Infertility Issues: Yours, Mine or Ours

Simply put, infertility is a problem of the reproductive system. While we often think of it as a woman’s problem, it can be caused by issues within the man’s body, the woman’s body, or both.

Infertility Issues - Yours, Mine or Ours - In Content

What Causes Infertility in Women?

To get pregnant, a woman needs functioning ovaries to produce eggs, fallopian tubes where the egg can get fertilized and move to the uterus, and a uterus where the embryo can develop. Conditions that affect any of these organs can also affect fertility:

  • Ovulation problems: Sometimes a woman doesn’t make enough hormones to develop, mature and release a healthy egg.
  • Anatomical problems: A problem with a woman’s anatomy can prevent the egg and sperm from ever meeting. The most common is a blockage in the fallopian tubes, often caused by scar tissue from past surgery or an infection.
  • Endometriosis: Sometimes, the tissue lining the uterus grows outside the uterus, often on other reproductive organs. There, it can cause scar tissue to form and affect fertility. Dr. Heather Hilkowitz explains that many women with endometriosis can get pregnant.

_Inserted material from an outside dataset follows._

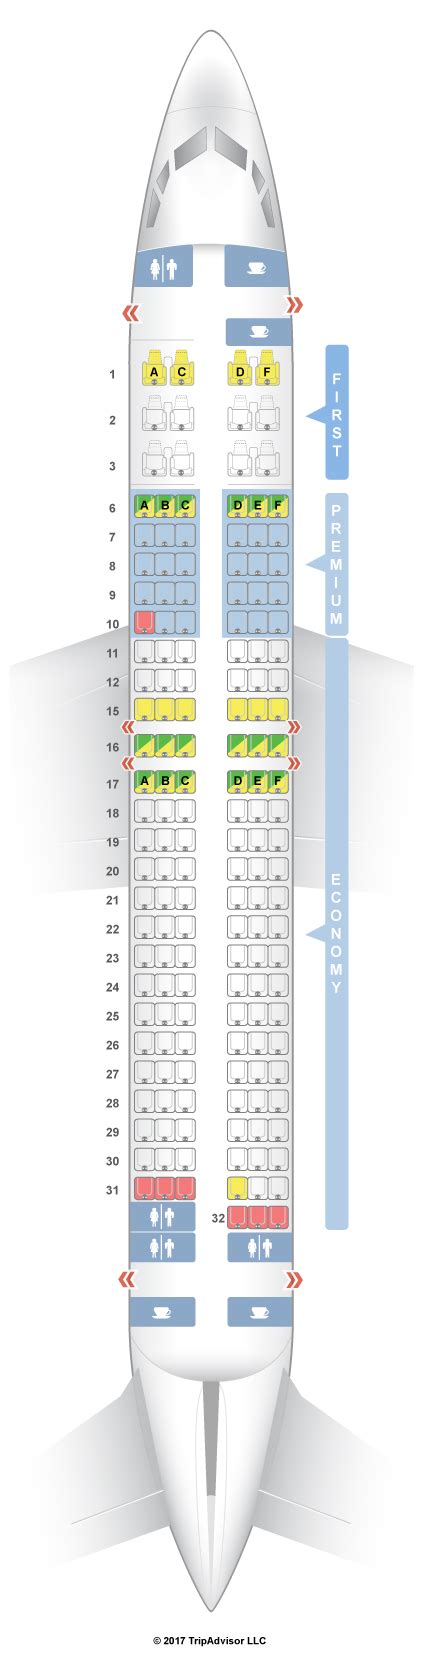 Alaska Airlines Aircraft Seatmaps Airline Seating Maps And Layouts Hot Sex Picture

    Click play to watch the video or read the transcript.

    Can I get pregnant if I have endometriosis?

    Women with endometriosis can get pregnant. Certainly may be a little more of a challenge in some patients depending on how severe the condition is. Some women conceive with ease and totally natural way and don't need any fertility assistance. But fortunately there are many different ways to help women get pregnant if they carry a diagnosis of infertility. Some of the reasons that someone with endometriosis might have a challenge getting pregnant may have to do with the inflammation that the endometriosis has caused inside the pelvis which could lead to scar tissue of the fallopian tubes or the ovaries or the uterus and to make it more challenging for that egg to get to where it needs to be to conceive. Other times their pelvis may look great and not have any problems with scar tissue yet there's still something biochemically about endometriosis that makes becoming pregnant a bit of a challenge. There are lots of different ways and medications and procedures that can be used for women who need them to achieve pregnancy in a minimally invasive way.

     
  • Birth defects: Women whose mothers took DES (diethylstilbestrol) in the first half of their pregnancy can have a birth defect that affects fertility. The drug, used until 1971 to prevent miscarriages, can cause abnormal development of the baby’s uterus and cervix.
  • Infection: Pelvic inflammatory disease (PID) can result from sexually transmitted infections like gonorrhea and chlamydia. PID may cause scar tissue to grow between reproductive organs, leading to chronic pelvic pain and a greater risk of ectopic pregnancy, where the fertilized egg implants outside the uterus.
  • Immune system problems: Sometimes antibodies in a woman’s system fail to recognize a pregnancy and respond abnormally to the egg, damaging it. Women can also develop antibodies that attack and destroy sperm.
It can be caused by issues within the man’s body, the woman’s body, or both.

What About Infertility In men?

Several factors could cause a man to be infertile. Your doctor will analyze your partner’s semen and may recommend other tests to see if a problem exists:

  • Low or no sperm production: A lack of healthy sperm means fewer chances of successful fertilization.
  • Abnormal sperm production: Sperm must be healthy and able to swim and penetrate the egg.
  • Varicoceles: These enlarged veins on a man’s testicles can affect sperm count and quality. The presence of varicoceles is a common cause of male infertility and is usually treatable by surgery.
  • Hormone disorders: Abnormal male hormone or endocrine function can affect sperm production and fertility.
  • Chromosome defects: Some chromosome defects are linked to male infertility.
  • Birth defects: Abnormalities in a man’s reproductive system can develop before birth. One cause may be exposure to DES (diethylstilbestrol) taken by his mother during his early months in the womb.
  • Immune system problems: A man can have anti-sperm antibodies that attack and destroy sperm.